The course focused on methods of restraining wildlife using ethical physical and chemical capture techniques for the purposes of tracking and translocating wildlife, treating injured animals and sample collecting for disease surveillance and profiling (the latter mitigating illegal hunting).

Trained veterinarian Elma Sikala of FAO in Zimbabwe was one of those who attended the course. Elma has a passion for wildlife preservation and ensures that rural communities living adjacent to wildlife conservation areas live in harmony with nature for their mutual benefit.

“The main highlights were seeing the large wildlife numbers supported on the 50 000 hectare Malilangwe Wildlife Reserve, including the “Big Five” (elephant, lion, black rhinoceros, buffalo and leopard) and many other species. A highly qualified professional group of wildlife veterinarians and managers ran the course, giving in-depth coverage of wildlife field handling procedures, boma-capture methods, practical use of firearms for darting, helicopter darting (yes, everyone gets a turn darting from the chopper!), immobilization of the big five, laboratory, necropsy and animal disease diagnostic techniques,” says Elma.

“I also learnt that big African cats, such as, leopards, are attracted to Calvin Klein’s fragrance Obsession for Men.
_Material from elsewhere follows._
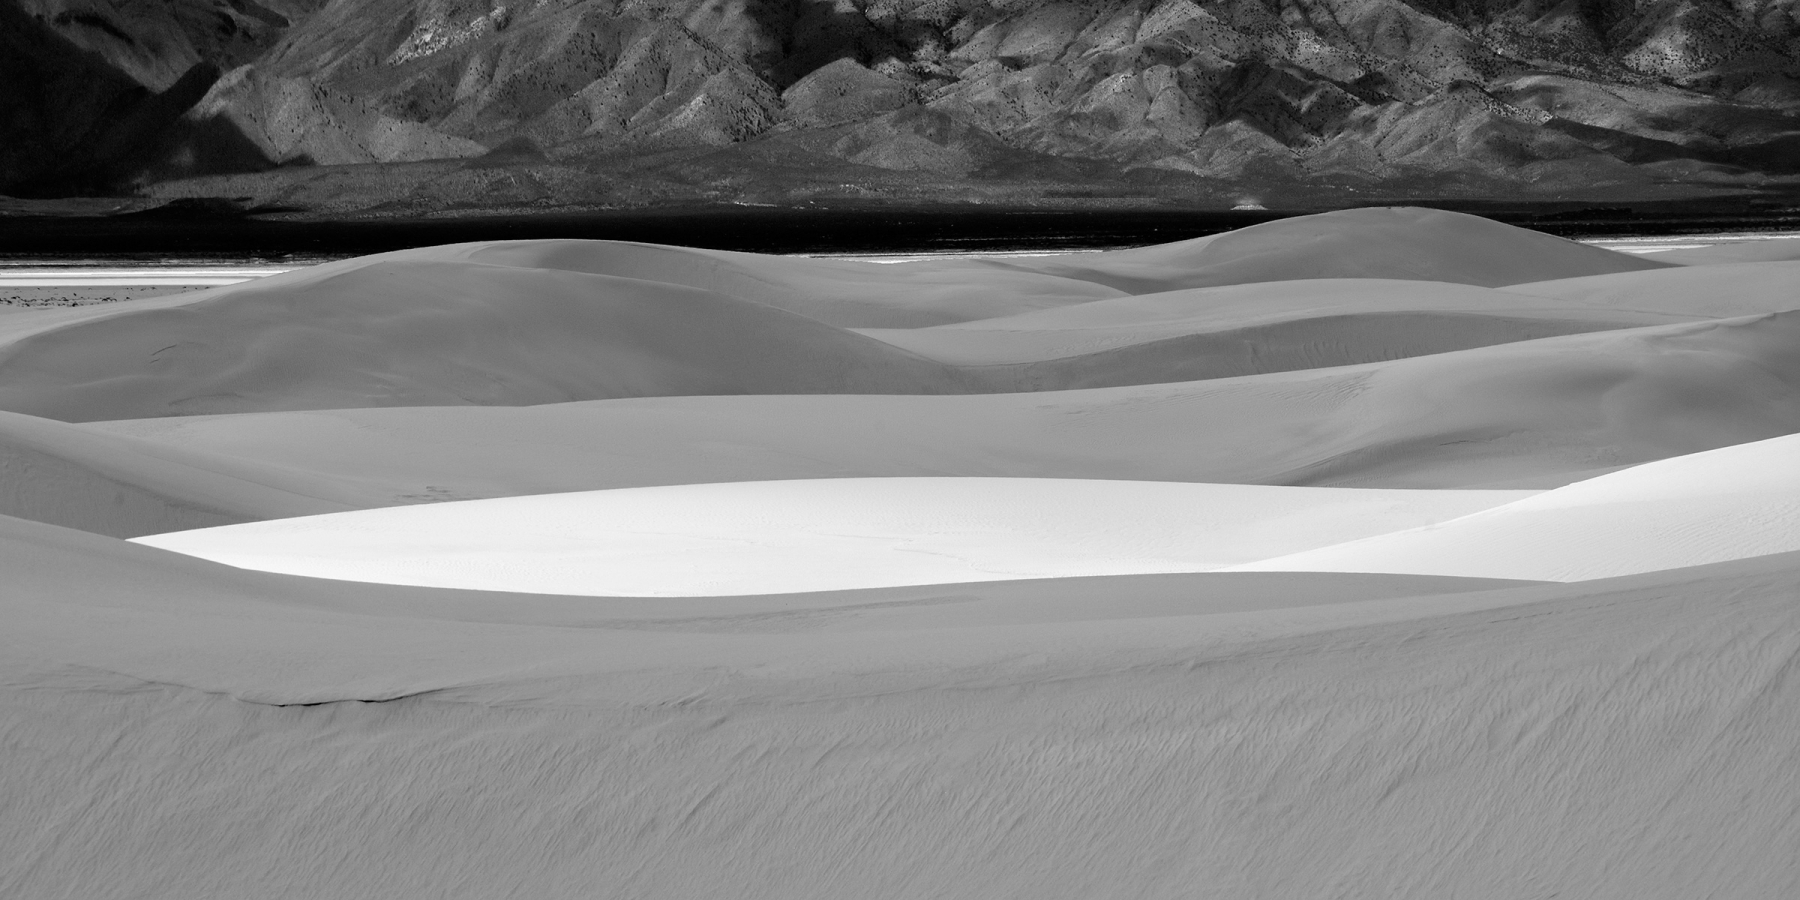 White Sands National Park (Nouveau Mexique, USA) - Plans successifs de dunes de sable blanc avec jeux d'ombre et de lumière (photo noir & blanc)

This perfume has actually been used to lure big cats to a camera trap. The fragrance itself contains a synthetic version of the chemical compound civetone, which occurs naturally in the scent glands of the Asian civet mammal, and which is important for territorial markings. So to our male counterparts, a word of caution, please beware on your next safari!”

FAO Zimbabwe has in the past supported the wildlife sector by providing funds for Global Positioning System (GPS). This helps facilitate the collaring of buffalo in bovine tuberculosis (bTB) research; Communal Wildlife Ranching (CWR) feasibility studies; the production of toolkits for use in human wildlife conflicts and building capacity of wildlife personnel.

“FAO is implementing a project funded by the European Union, and a Technical Cooperation Project to research diseases at the wildlife, human and domestic animal interface and Trans Boundary Diseases (TADs), as well as capacity-building for staff at the Department of National Parks and Wildlife Management.” says Elma.

Yet due to changing human settlement and land use patterns which increasingly encroach into national parks and protected areas, TADs are on the rise. Wild animals are a reservoir for certain viruses, bacteria and parasites affecting humans and domestic animals. Over 60 percent of emerging zoonotic diseases have their origin in wildlife.

For example, wild buffalo can transmit Foot and Mouth Disease (FMD) virus to livestock. The disease has major economic implications, causing production losses and limiting market access to potentially lucrative overseas markets for livestock and beef exports from Zimbabwe. Other diseases threaten the health and livelihoods of neighbouring rural communities and include rabies, brucellosis, bovine Tuberculosis and anthrax.

“As for my final thoughts, animals ought to be treated with respect, without causing unnecessary distress or compromising their welfare, and certainly not for the advancement of personal status. For, as Moss Cass so aptly put it, “We have not inherited this earth from our parents to do with it what we will. We have borrowed it from our children and we must be careful to use it in their interests as well as our own,” concludes Elma.